NAME

GO::TermFinder - identify GO nodes that annotate a group of genes with a significant p-value

DESCRIPTION

This package is intended to provide a method whereby the P-values of a set of GO annotations can be determined for a set of genes, based on the number of genes that exist in the particular genome, and their annotation, and the frequency with which the GO nodes are annotated across the provided set of genes. The P-value is simply calculated using either the hypergeometric, or the binomial distribution, as the probability of x or more out of n genes having a given annotation, given that G of N have that annotation in the genome in general. The hypergeometric distribution (sampling without replacement) is more accurate, though slower to calculate the the binomial distibution (sampling with replacement).

In addition, a corrected p-value is also calculated, to correct for multiple hypothesis testing. From the sub-graph of GO nodes that are considered as hypotheses (any nodes with 2 or more annotations from the list of genes to be considered), the minimal set of nodes is determined from which all other hypotheses (nodes and annotations) can be inferred. Their number is then used to multiply the calculated p-values, to generate corrected p-values. The client has access to both the corrected and uncorrected values. This is done instead of simple Bonferroni correction, because the hypotheses are not independent of one another.

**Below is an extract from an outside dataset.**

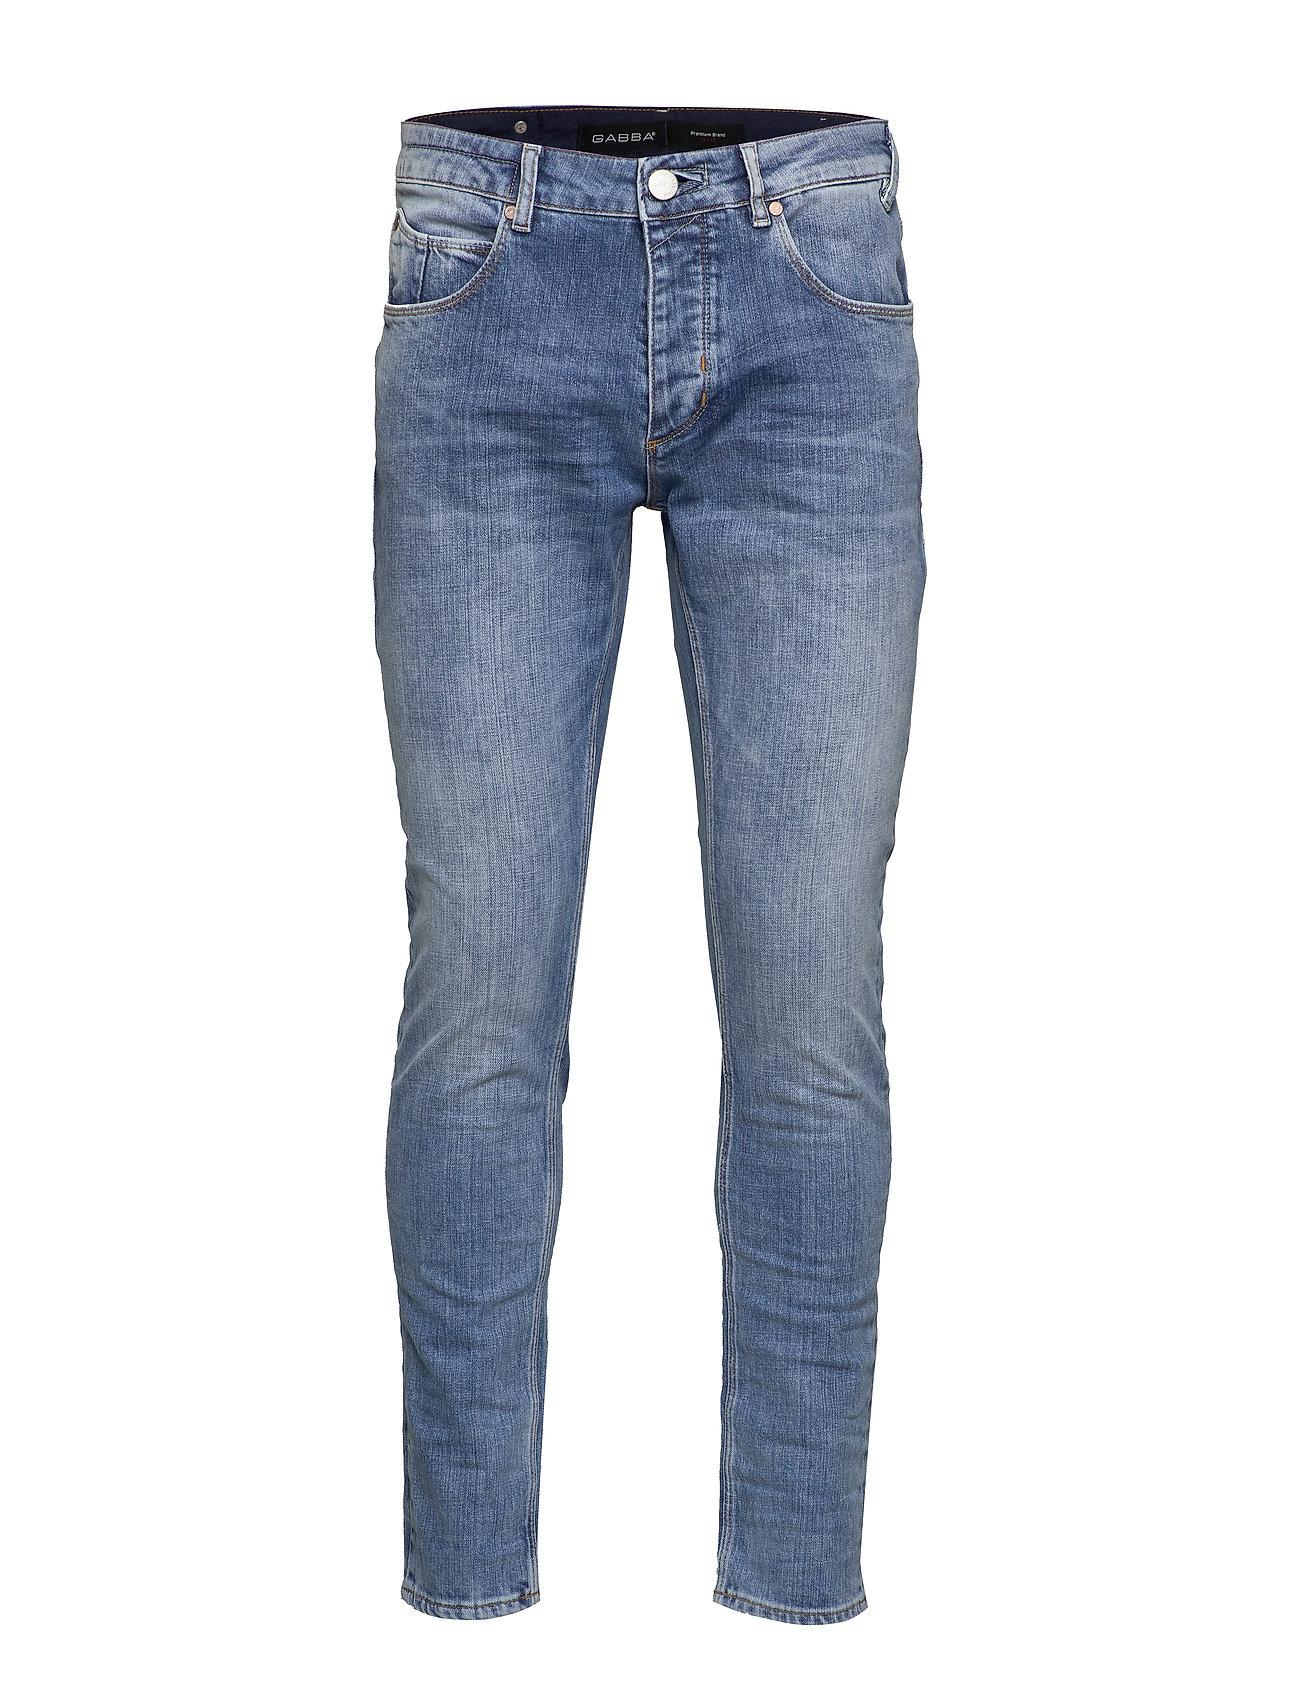 Image of Rey K3145 Slim Jeans Blå Gabba (3558837693)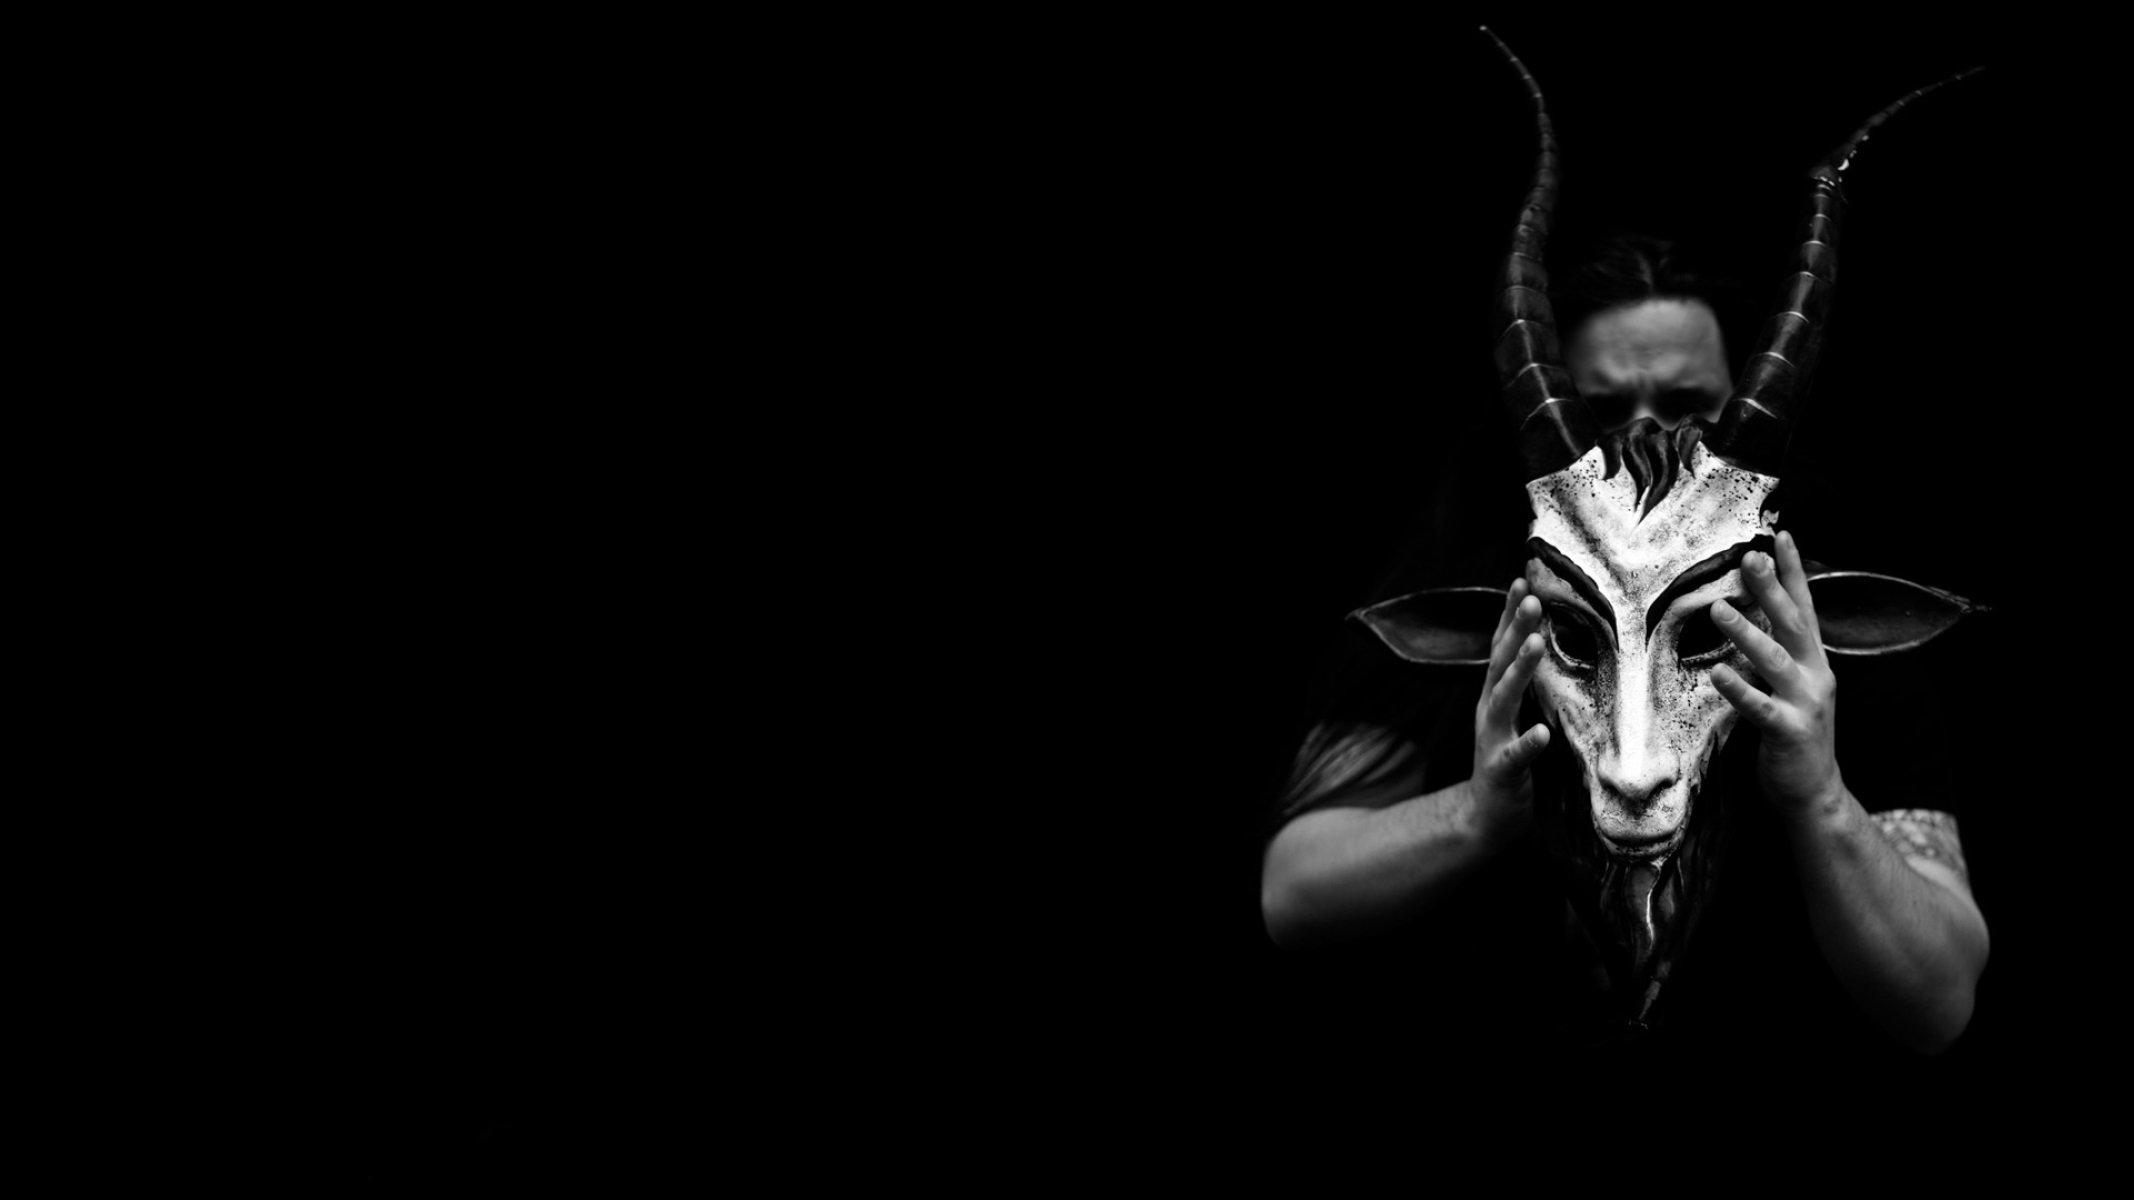 Satanic Occult Evil Dark Demon Satan Wallpaper 2134x1200

The general idea is that a list of genes may have been identified for some reason, e.g. they are coregulated, and TermFinder can be used to find out if any nodes annotate the set of genes to a level which is extremely improbable if the genes had simply been picked at random.

TODO

On the day that I finished the code, BioPerl 1.2 was released, which appears to have some Ontology parsing code that is better than mine, which uses the Graph module on CPAN to implement the DAG structure of GO. The Graph module provides a richer set of methods for querying the structure, though the BioPerl implementation does not appear to have all the things I want. Anyway, converting my code to use the BioPerl Ontology stuff is probably a good goal, as the modules in their appear to have been somewhat better conceived in terms of their relationships to each other. I did not notice anything to do with providing annotations, so my GO::AnnotationProvider::AnnotationParser may still be of use. We will see....

May want the client to decide the behaviour for ambiguous names, rather than having it hard coded (eg always ignore; use if standard name (current implementation); use all databaseIds for the ambiguous name; decide on a case by case basis (potentially useful if running on command line)).

Would probably be a good idea to use the Math::BigInt module to deal with the factorials and nChooser calculations, so that they are more accurate, rather than the log versions that I currently have. The latest version of Math::BigInt has a C implementation underneath, that may even speed it up a little.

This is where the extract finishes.